In her opening address at a pre-conference consultation of the 13th Triennial Conference of Pacific Women and the 6th Meeting of Pacific Ministers for Women in 2017, she posed a series of questions to civil society participants.
“The theme for this year’s conference is women’s economic empowerment. I want to know what we will do differently this time,” she said. “We have signed commitments, formed action plans and developed policies to advance the status of women. Why is there no change? We are still dealing with the same issues from ten years ago. We have to ask each other – what do we really want to see? What is our common goal? Are we able to collaborate to achieve it?”

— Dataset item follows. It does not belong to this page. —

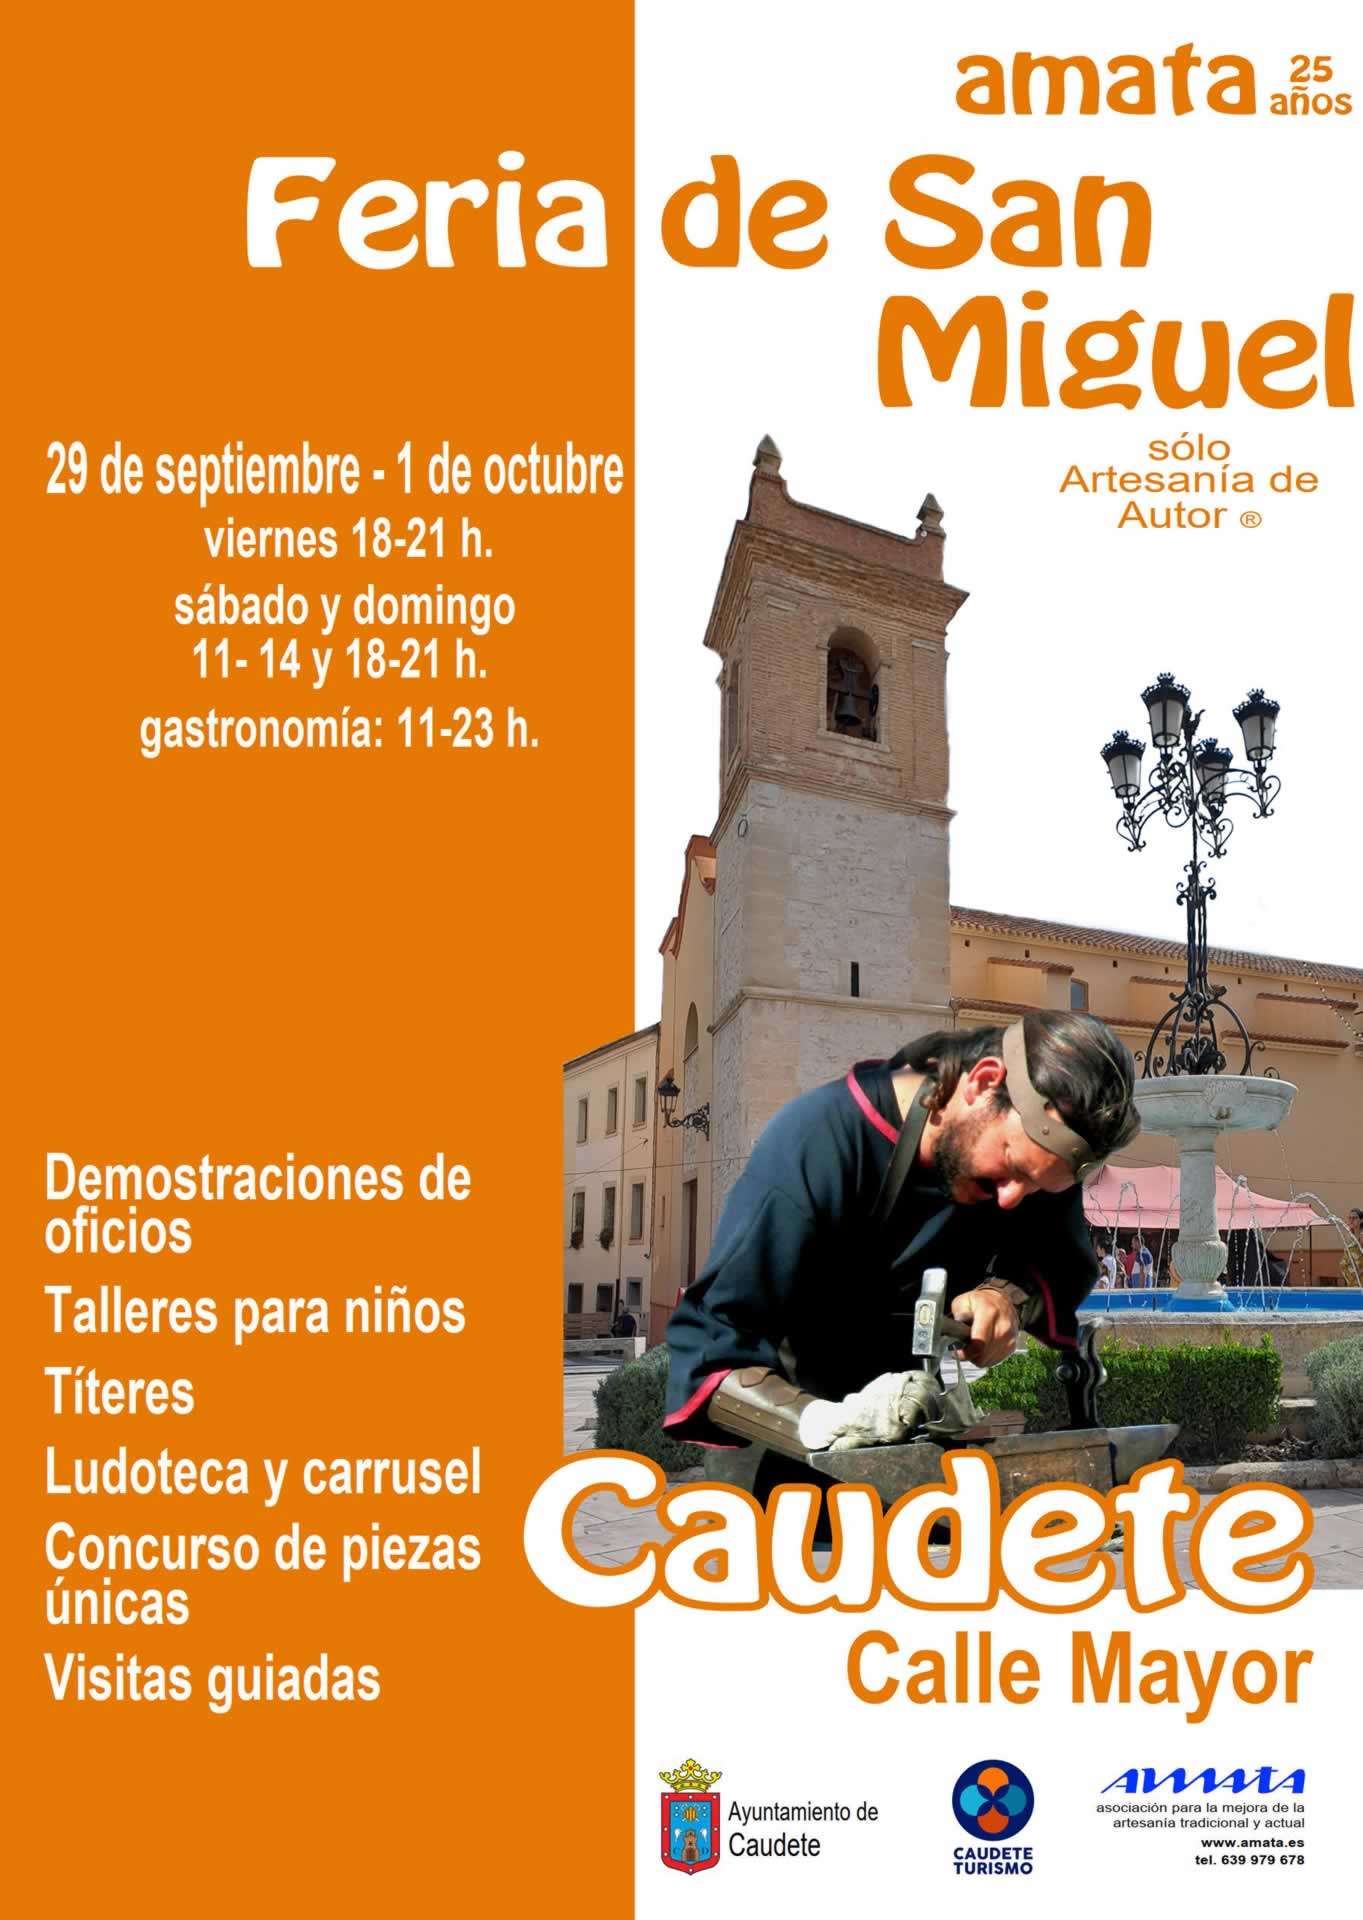 mercadosmedievales.net -  Feria de Artesanía de Autor ® 2023 en Caudete , Albacete 29 de Septiembre al 01 de Octubre

Director with Vanuatu civil society and country heads of delegation at 13th Triennial in Suva, 2017
The Triennial Conference of Pacific Women
Although not called Triennial, the first meeting of Pacific Women was held in Tahiti, French Polynesia, in 1981. It followed a meeting of the South Pacific Commission (SPC) the year before (1980) in Port Moresby, Papua New Guinea, where mostly male government representatives were discussing programs for women. PNG women’s groups, led by women such as Kila Amini, disrupted the meeting to protest the lack of representation of women and demanded a regional meeting of women to review and discuss their own needs.
The meeting in Tahiti was the first time the Micronesian women met their southern counterparts and French speakers met with the English speakers. One of the recommendations of the first Pacific Women’s meeting was the formation of the Pacific Women’s Bureau and the establishment of regular regional meetings to review the progress of women.
Women’s economic empowerment –13th Triennial Conference of Pacific Women 2017
Since then the Triennial has brought together policy makers, academics, and civil societies to create a forum for constructive dialogue on the role and place of gender in the development processes of the Pacific Island countries and territories (PICTs). Identifying the challenges and making recommendations for the future, the theme for 2017 was ‘women’s economic empowerment.’
Although PICTs have adopted regional and international instruments to progress gender equality, women in the Pacific region continue to be economically underrepresented due to discriminatory laws and cultural norms that place unrealistic expectations on women’s responsibilities for home and family care. In Vanuatu, a country where there are no women in parliament, women represent 36% of the private sector and 39% of the public sector with one in five working women having savings in the bank.
The 2017 Triennial in Suva, Fiji, offered the ideal opportunity for Vanuatu to inform regional policy to advance women’s economic empowerment. The government of Vanuatu, led by Ms. Kenneth Watson and government policy analyst, John Ezra, considered the perspectives from the delegation of civil society representatives to carry into policy discussions. The delegation included Vanuatu Women’s Centre, Vanuatu Young Women for Change, Vanuatu Disability Promotion and Advocacy Association, World Vision, ActionAid, Oxfam, CARE, VPride and Mammas English Class.
Ms Kenneth Watson, whose department has one of the smallest budget allocations in government, is calling for an integrated approach to accelerate progress on women’s economic empowerment and gender equality. For meaningful change to occur, Ms. Kenneth Watson says that resources and knowledge have to be shared and people need to work together. As the lead of the Gender and Protection cluster, her department has seen first-hand how strategic partnerships between government and civil society organizations can be effective to deliver gender-related activities during disasters and peacetime.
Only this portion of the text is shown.